3.1.2 Micronutrients. Micronutrient concentrations increased compared to unfermented controls (Fig. 2): sodium by 49.49% (from 3.39 mg L⁻¹ to 5.08 mg L⁻¹), potassium by 36.88% (8.77 mg L⁻¹ to 12.01 mg L⁻¹), magnesium by 185.19% (from 1.08 mg L⁻¹ to 3.10 mg L⁻¹), calcium by 296.4% (from 0.89 to 3.55 mg L⁻¹), and manganese by 1054.96% (from 0.015 mg L⁻¹ to 0.17 mg L⁻¹). The increases in Na, K, Mg, Ca, Mn mirror earlier reports on lactic acid fermentation, where microbial activity and pH shifts facilitate breakdown of phytic acid complexes, liberating cations into the aqueous phase.^35,41,43 The pronounced Ca and Mn surges support pH-mediated release from the bran layer. Traditional fermented rice beverages enriched with zinc and calcium have shown significant micronutrient increases (p < 0.05) during fermentation, corroborating our findings.⁵⁰ Micronutrients including calcium, magnesium, potassium, sodium, and iron are enhanced in fermented rice water through breakdown of anti-nutritional factors by lactic acid bacteria, consistent with increased bioavailability reported in cereal fermentation.⁵¹ Zinc quantity decreased by 40.92%, probably due to selective mineral uptake or redistribution by the microbes for their metabolism. This decline in soluble zinc is consistent with findings where aqueous zinc concentrations decrease as microbial populations peak, likely reflecting selective microbial sequestration and complexation with antinutrients like phytate.³⁹ However, if phytate was degraded during fermentation, this could theoretically enhance zinc bio-accessibility despite the lower absolute concentration.^39,52,53 Collectively, these findings confirm that 18 h of fermentation improves solubility and potential bioavailability of key micronutrients in Kerala red rice water, consistent with nutritional benchmarks from previous cereal fermentation studies.

3.2 Microbial community composition and functional insights

Shotgun whole-genome metagenomic sequencing of fermented Kerala red rice water was performed by MedGenome Labs Ltd, Bangalore, India, on an Illumina NovaSeq X Plus Platform (2 × 151 bp, paired-end). Read quality control was performed using FastQC and fastq-mcf tool (v1.04.803) for adapter trimming, followed by de novo assembly using MEGAHIT (v1.2.9). The assembly yielded 2.58 GB of high-quality data after adapter trimming (mean Q = 39.26, Q 30% > 92%, GC content = 47.67%), producing 9211 contigs (≥1000 bp; largest contig = 904 399 bp; N50 = 11 330 bp). Gene prediction was executed via Prodigal (v2.6.3). Taxonomic classification, and functional profiling were performed using MEGAN6 with integrated SEED and BV-BRC databases. Microbial diversity indices (Shannon, Simpson, Richness, Evenness) were calculated from the species abundance data in-house. No contamination was detected after screening (SI 2A, Fig. S1, 2B and 2D–F).
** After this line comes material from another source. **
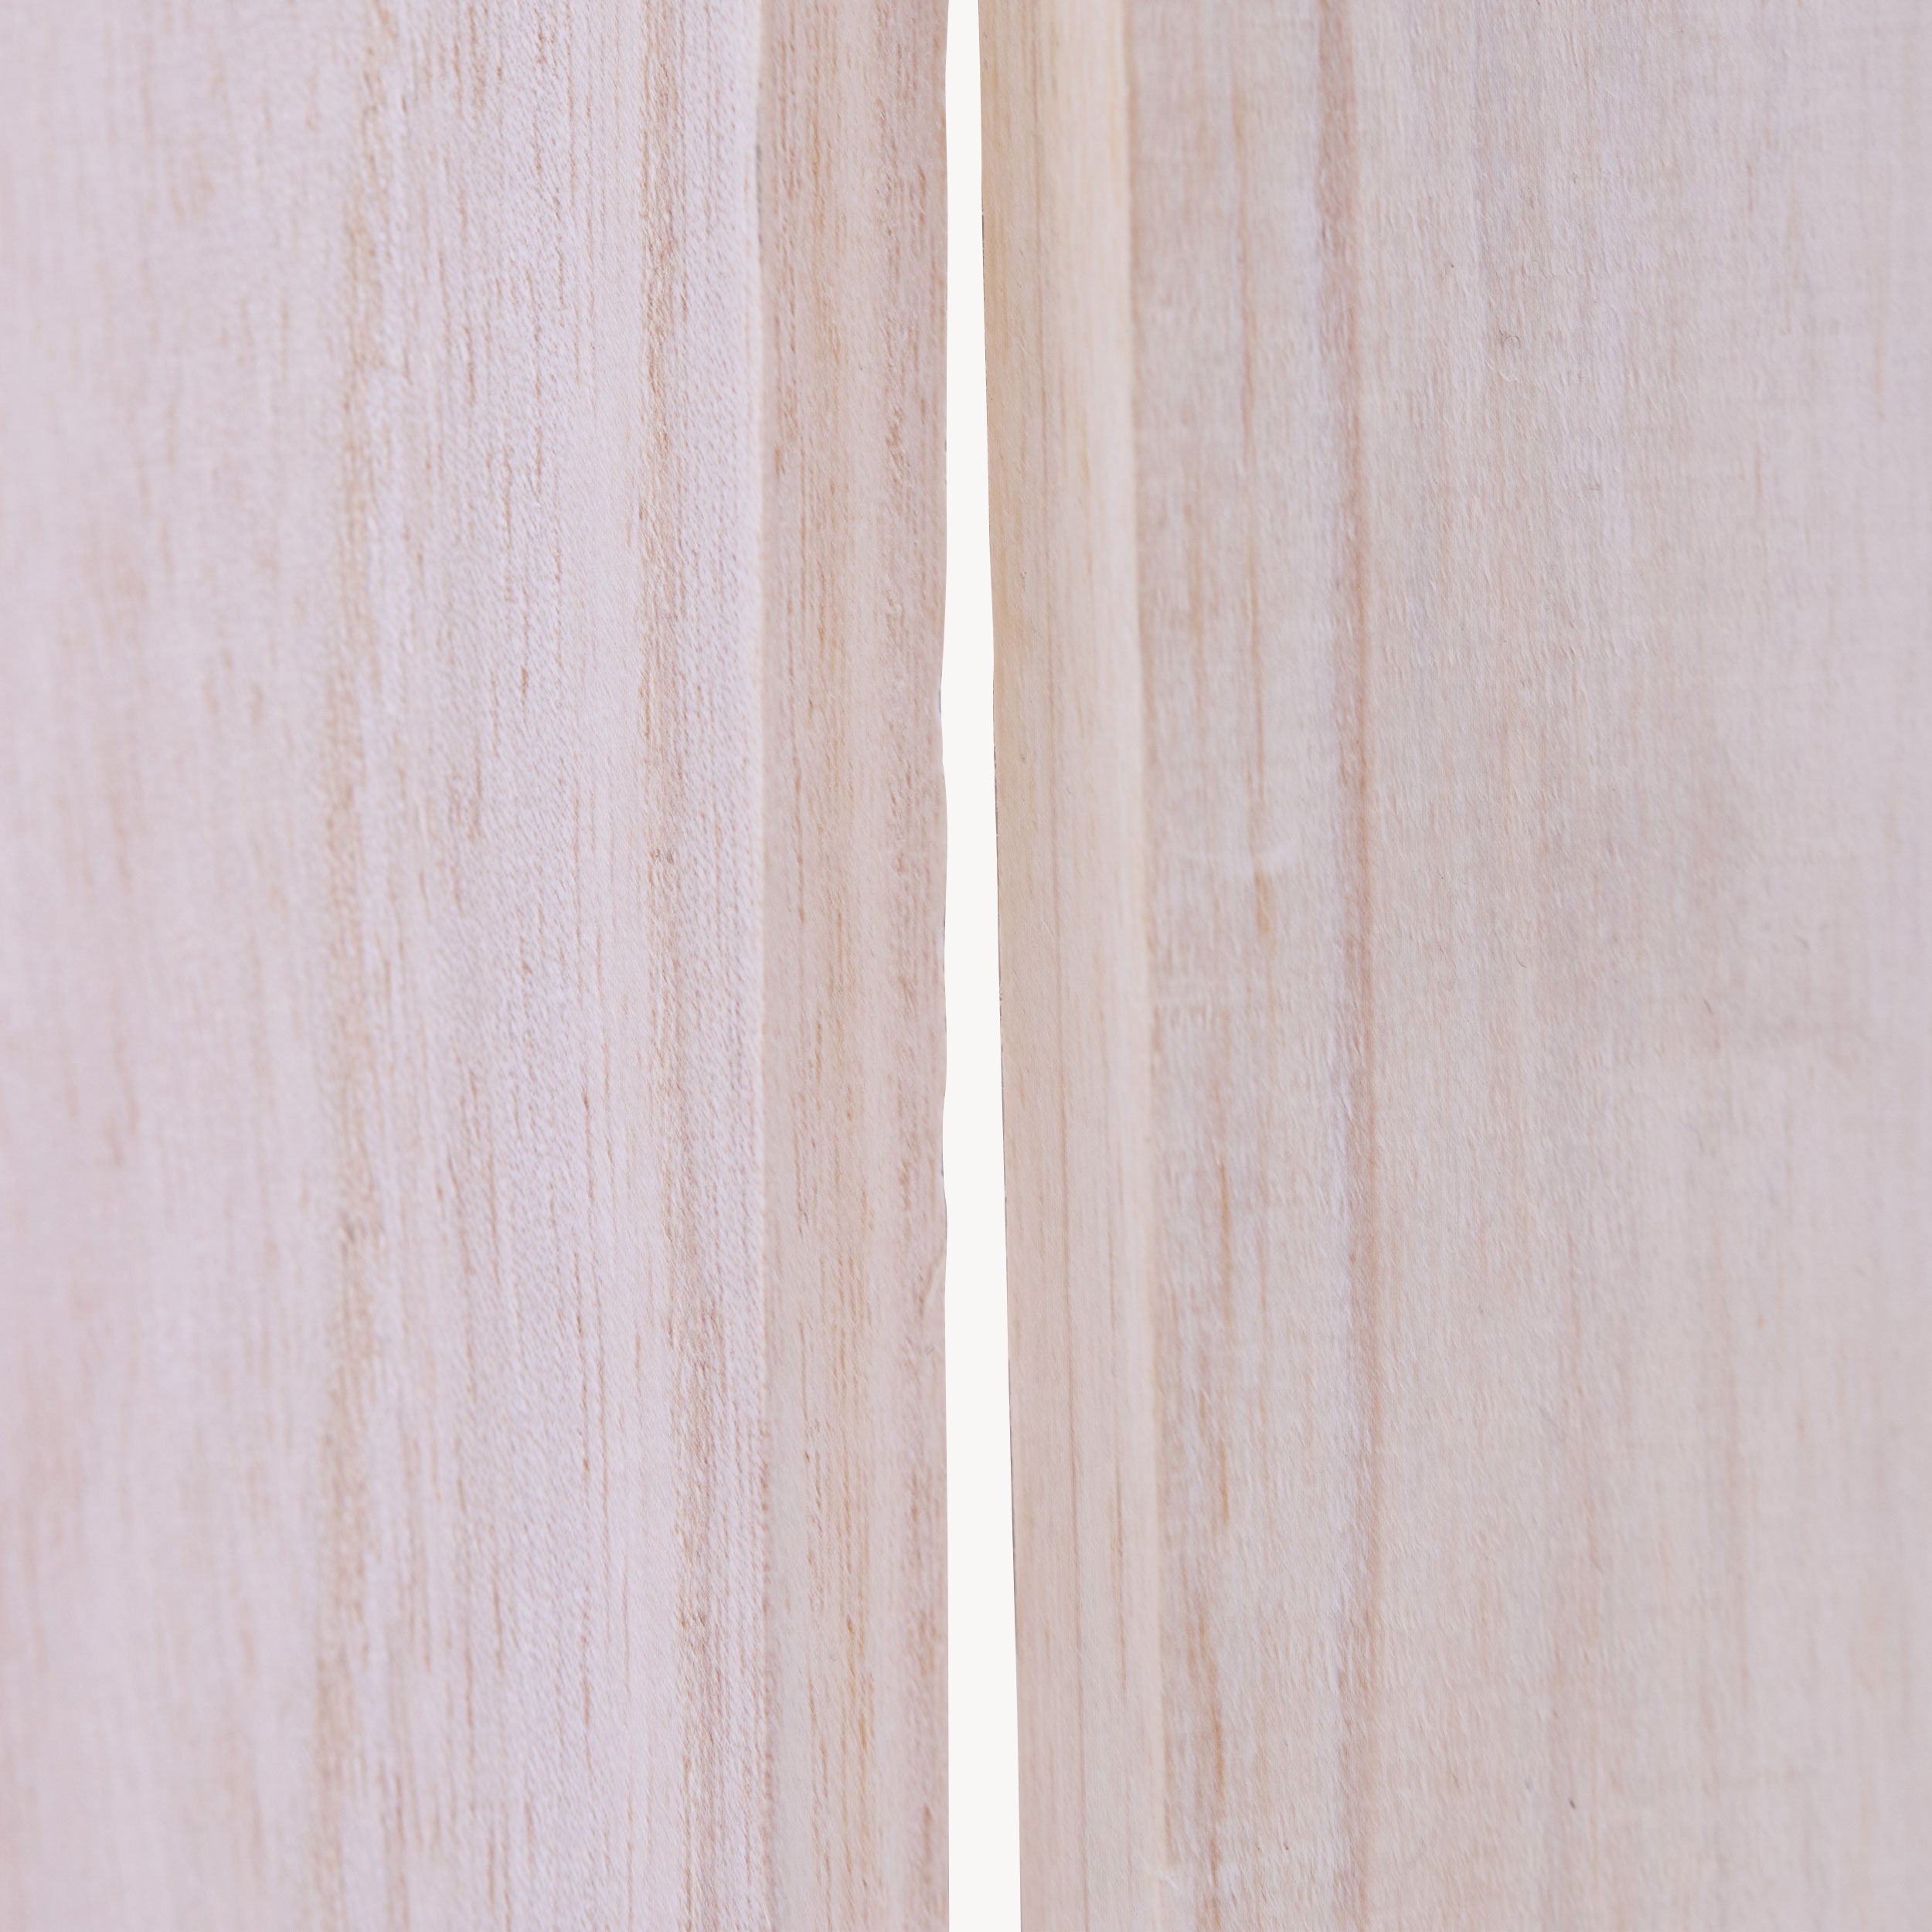 close up of wood grain

Species-level analysis identified 50 microbial taxa (SI 2C), dominated by Proteobacteria (59.63%) and Firmicutes (40.12%) with a minor viral contribution from Uroviricota (0.25%). Major species included Saccharibacillus sp. O23 (13.89%), Cronobacter sakazakii (11.94%), and Saccharibacillus sp. O16 (8.89%). Approximately 25% of bacterial reads remained unclassified. The list of microbes along with the top 10 genera is shown in Fig. 3. The relative abundance of individual species and rank-abundance curve showing dominance by a few abundant species with a long tail of rarer members is shown in SI 2A and Fig. S2.

Fig. 3 Taxonomic composition and functional attributes of microbes in fermented Kerala red rice water (Oryza sativa L. subsp. indica). Fifty microbial taxa are displayed, where cell background colors denote phylum-level assignment: grey = Proteobacteria, blue = Firmicutes, and light purple = Uroviricota. Overlay bars indicate relative abundance categories: red (<5%), yellow (5–10%), and green (>10%). The top 10 genera are highlighted. Eight pie charts illustrate functional attributes, with sector size corresponding to the proportion of taxa associated with each attribute.

Functional annotation revealed strong fermentative potential (68%), with high representation of amylase producers (70%), and phytase produces (34%), antimicrobial traits (30%), vitamin biosynthesis (B1, B2, B9; 54%), and probiotic-associated species (10%) Fig. 3. These are in silico predictions; active metabolic expression requires validation via proteomics or metabolomics. The presence of phytase-encoding genes (34% of community) aligns with measured phytase activity (0.12 U mL⁻¹) and supports the observed mineral release (see Results and discussion, Section 3.3).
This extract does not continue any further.